Je suis français d’origine pakistanaise, ce qui m’a permis de recevoir une invitation pour disputer ce fameux match dans le cadre de la WBC Asie (la WBC est la ceinture la plus prestigieuse en boxe anglaise). Ça pouvait être partout, en Turquie, en Arabie Saoudite, à Dubaï, et ce jour-là c’était à Bangkok. Mon adversaire avait beaucoup plus d’expérience que moi et je n’étais pas favori, donc ma victoire a marqué les esprits là-bas, avec le KO le plus rapide de la soirée.
“Que je stresse ou non, le combat allait avoir lieu, donc autant donner le meilleur de moi-même et essayer de laisser ma marque”
Qu’attendiez-vous de ce combat avant de le disputer ? Y voyiez-vous une opportunité de vous distinguer, ou simplement une bonne expérience à prendre ?
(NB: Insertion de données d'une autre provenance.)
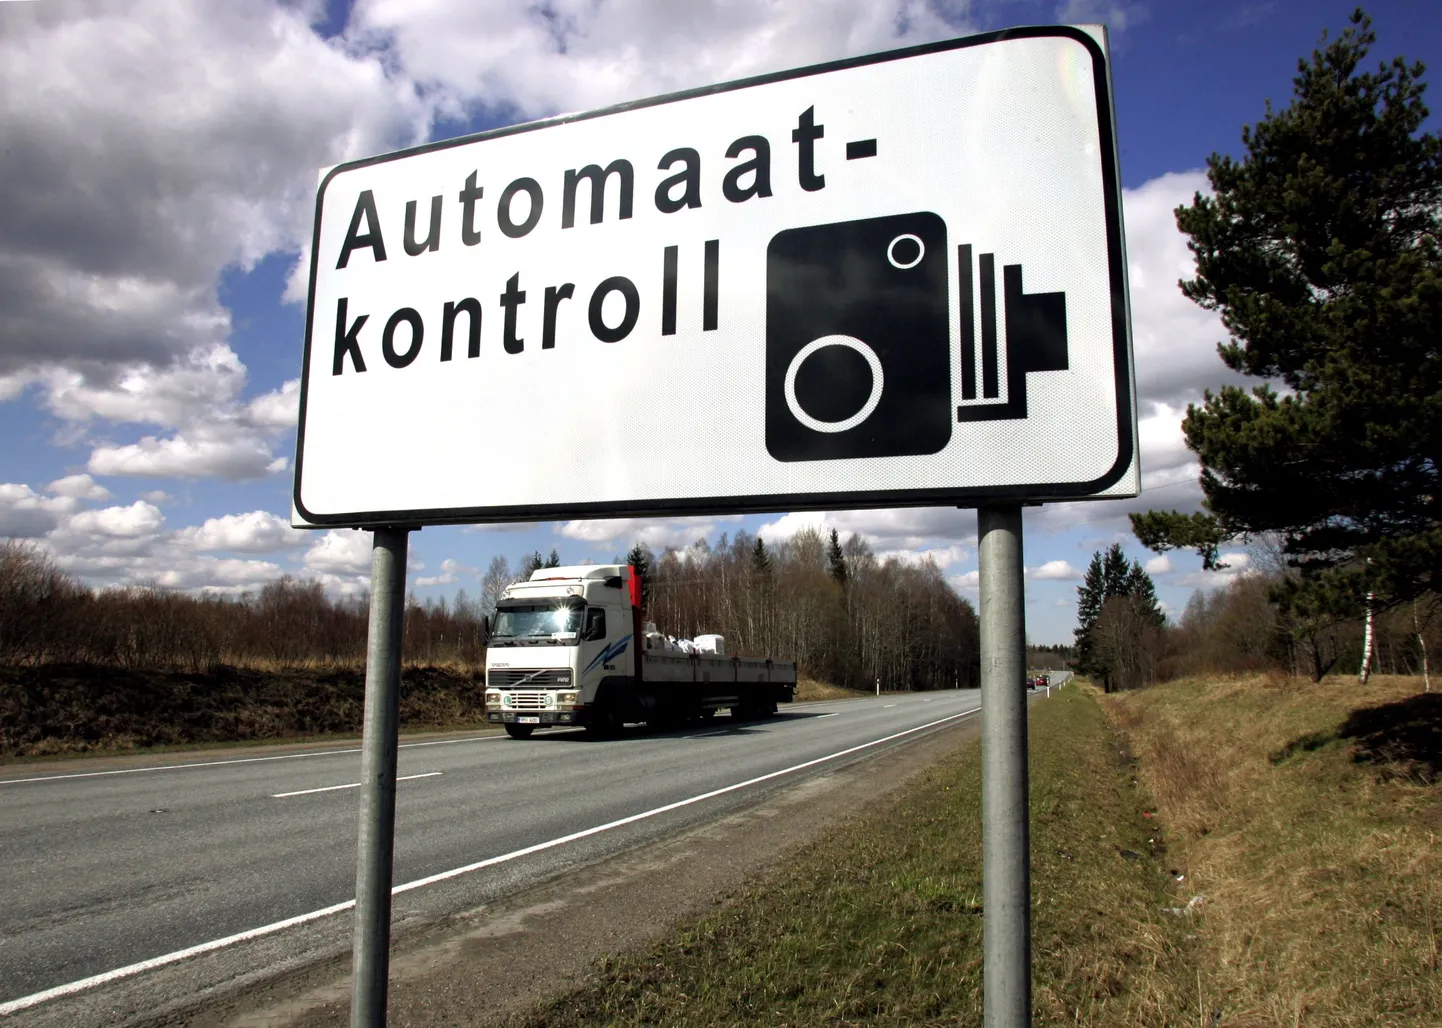 Дорожный знак, уведомляющий об автоматическом контроле.

Je le voyais vraiment comme une opportunité de marquer les esprits. L’expérience, on peut l’engranger en France, ou n’importe où ailleurs. Là, c’était un événement international, beaucoup de promoteurs de différents pays étaient présents, donc je me suis dit que c’était le moment de faire une forte impression, malgré le fait que ce soit mon premier combat professionnel et que je ne sois pas favori. Tout le monde voyait mon adversaire gagner, puis c’est finalement allé très vite puisque j’ai remporté le combat en 30 secondes.
Que ressentiez-vous avant d’entrer sur le ring ? Étiez-vous confiant ou stressé par l’expérience de votre adversaire ?
J’étais calme, je ne stressais pas, j’étais surtout excité. J’ai eu mon frère Yder au téléphone avant le combat pour m’aider par rapport à ça, il est comme un préparateur mental pour moi. Que je stresse ou non, le combat allait avoir lieu dans tous les cas, donc autant donner le meilleur de moi-même et essayer de laisser ma marque.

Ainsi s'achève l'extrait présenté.